Por: Columnistas elespectador.com

Desde Londres

Estos son mis terceros Olímpicos como jefe de misión y debo confesar que la expectativa que tengo es mayor que en mi estreno, en Atenas 2004.

De la soledad de los primeros días, que podría desencantar a cualquier desprevenido primíparo, hemos ido pasando a un mundo fascinante, en el cual ciudadanos de todo el mundo se confunden en un solo país, idioma y credo.

Primero, las maravillas de Londres, que se aprecian en los escasos instantes en los cuales hay espacio para mirar, así sea de perfil, mientras adelantamos nuestras tareas en la organización. Además, la Villa Olímpica, el Parque Olímpico; el Centro Excel para combates, conformado por siete coliseos; el mall, en el centro de la ciudad, en donde se realizarán pruebas de ciclismo de ruta, marcha y maratón; los centros de prensa principales y alternos de cada escenario, en fin, todo aquello construido y acondicionado para ser la sede del certamen más grande del universo.

Todos ellos, hasta ahora, han sido monumentos a la modernidad arquitectónica al servicio del deporte, muchos producto de una tarea que respeta el medio ambiente y la sostenibilidad, por cuanto gran parte del Parque Olímpico fue construido con materiales reciclados de la zona industrial de Stratford, antes deprimida, hoy vital para el futuro de la capital londinense.

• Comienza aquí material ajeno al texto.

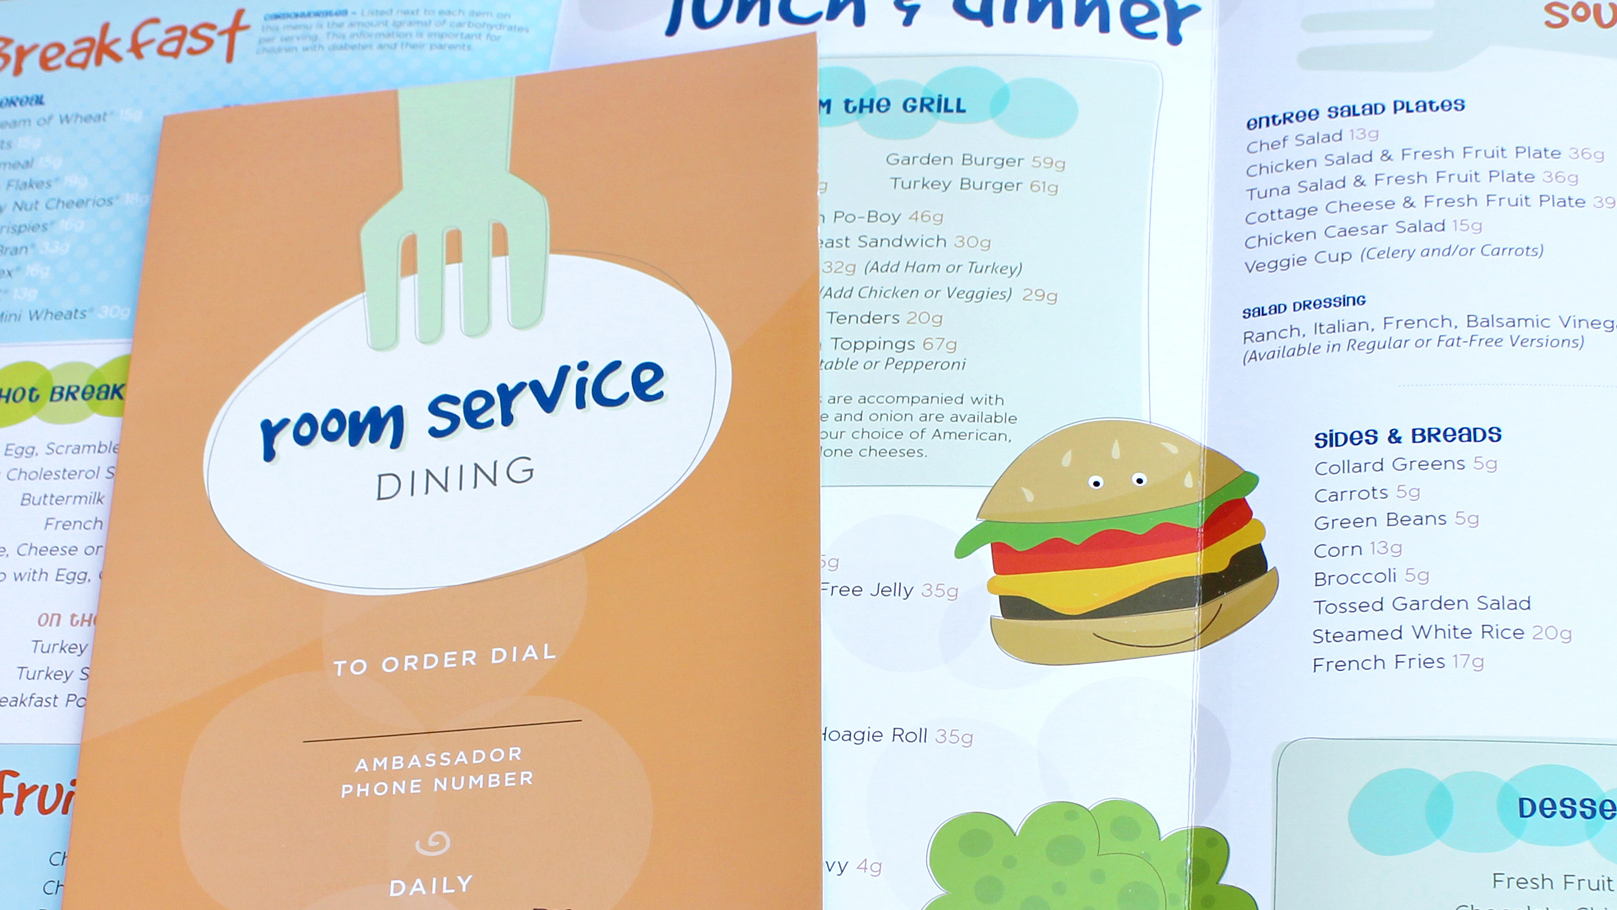 Our Lady of the Lake Children's Hospital Room Service Menu

Pero lo que ha dado fuerza a nuestra vida en los Olímpicos, a menos de cuatro días del comienzo, ha sido el elemento humano, que poco a poco le imprime los ingredientes de las multiculturas. El comedor de los primeros días era un inmenso galpón, tan grande como una cancha de fútbol, lleno de comida de todas las gastronomías, pero silencioso. Esta semana es otra cosa: un maremágnum de sonidos que se esparcen por todos lados. Ya se encuentra un pequeño grupo de atletas colombianos que han empezado a llegar, colmados de ilusiones: Danilo Caro, Ana Rendón, Daniel Pineda, Yuri Alvear, Yadinis Amarís, Saskia Loretta Van Erden, Paula Medina, Wanner Miller, Santiago Grillo y Andrey Quintero. El domingo llegó una de las estrellas, Caterine Ibargüen, quien se sigue consolidando como una de nuestras más firmes esperanzas. Con todos ellos hemos compartido los primeros instantes de su vida en la Villa Olímpica y podemos certificar la emoción que les ha causado formar parte de este privilegiado mundo olímpico.